Though Dante, who paid his dues at New World and clearly had bigger fish to fry by this time as he was about to break into the big leagues after THE HOWLING, declined the offer to shoot the new footage and wanted to keep his involvement under the radar, he did help Drake out by editing the footage and overseeing the overhaul of FISHMEN into SCREAMERS. Using the pseudonym "Giuseppe Dantini," Dante worked with Drake to streamline the 99-minute FISHMEN down to its basics, cutting it down to about 75 minutes to work in approximately 12-13 minutes of Drake's footage and a couple of other changes sprinkled throughout, like the addition of one character (James Alquist) who appears briefly only to get killed by one of the fishmen, and a later shot in a laboratory where Drake and soon-to-be-revered makeup effects maestro Chris Walas (THE FLY) replaced a shot of one of Martino's fishmen in a tank with their own, more CREATURE FROM THE BLACK LAGOON-ish monster--shot in a makeshift tank in Dante's garage--and the seams barely show until they're pointed out to you by Drake in his interview segment.
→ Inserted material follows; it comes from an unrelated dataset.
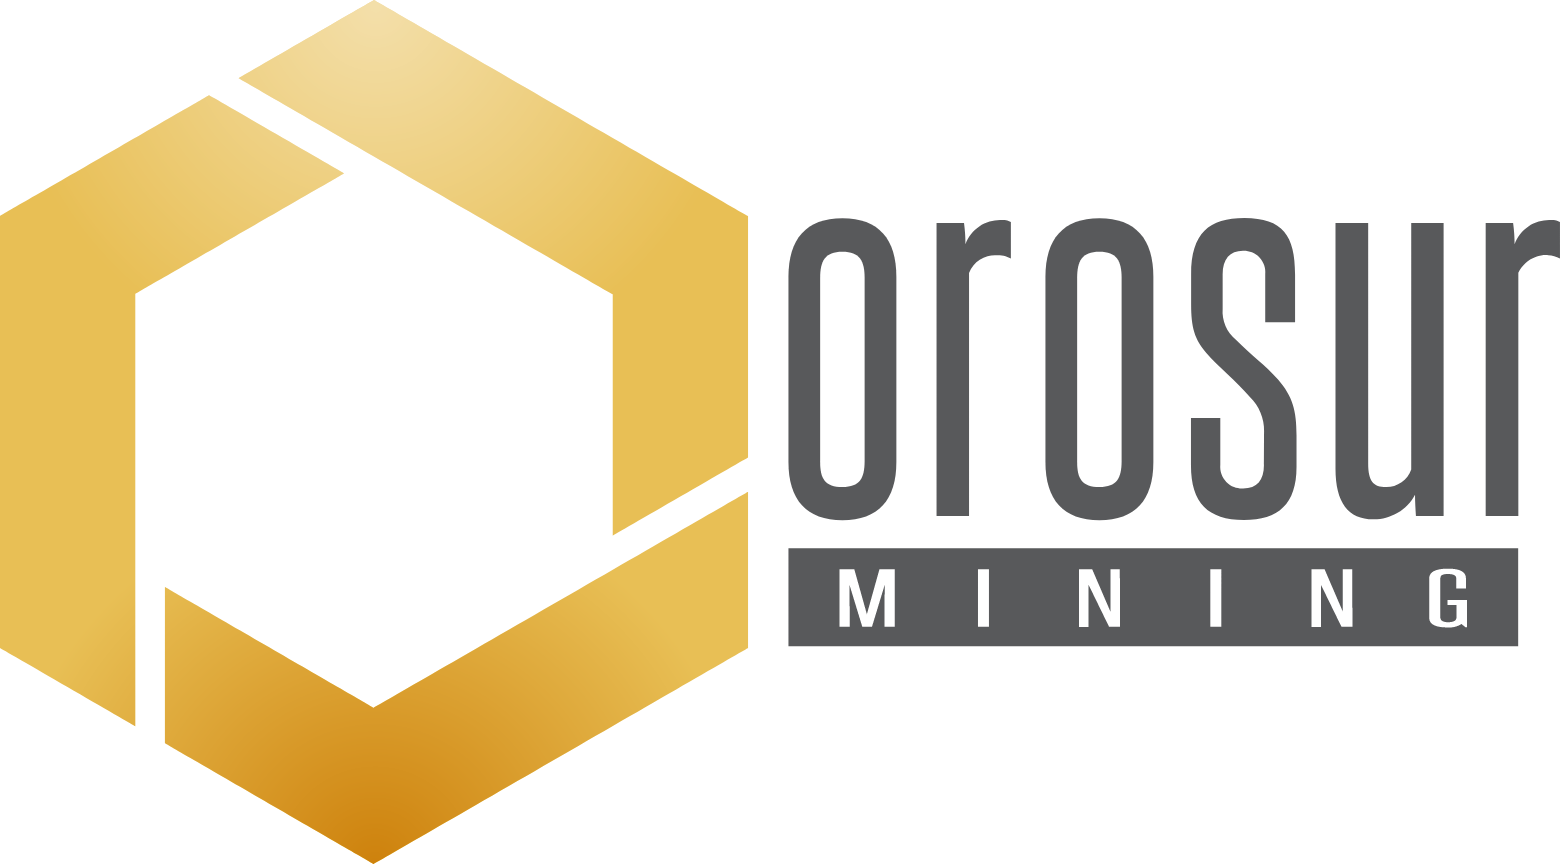 Orosur Mining logo large (transparent PNG)

The film, now running 90 minutes (75 minutes from FISHMEN, 13 minutes of Drake's material, plus new credits) was retitled SOMETHING WAITS IN THE DARK, given a new English dub (star Claudio Cassinelli dubs himself in FISHMEN, Italian accent intact, but has been revoiced by someone else for SCREAMERS) and even though it wasn't a slasher film, that's how Kay and Rybnick wanted it marketed, and they began shopping it around to distributors. Because of their knowing Dante and Drake having used a number of off-the-clock New World guys, Corman was happy to take it off their hands.  And that's where things got really interesting.



Original 1979 Italian ISLAND OF
THE FISHMEN poster art.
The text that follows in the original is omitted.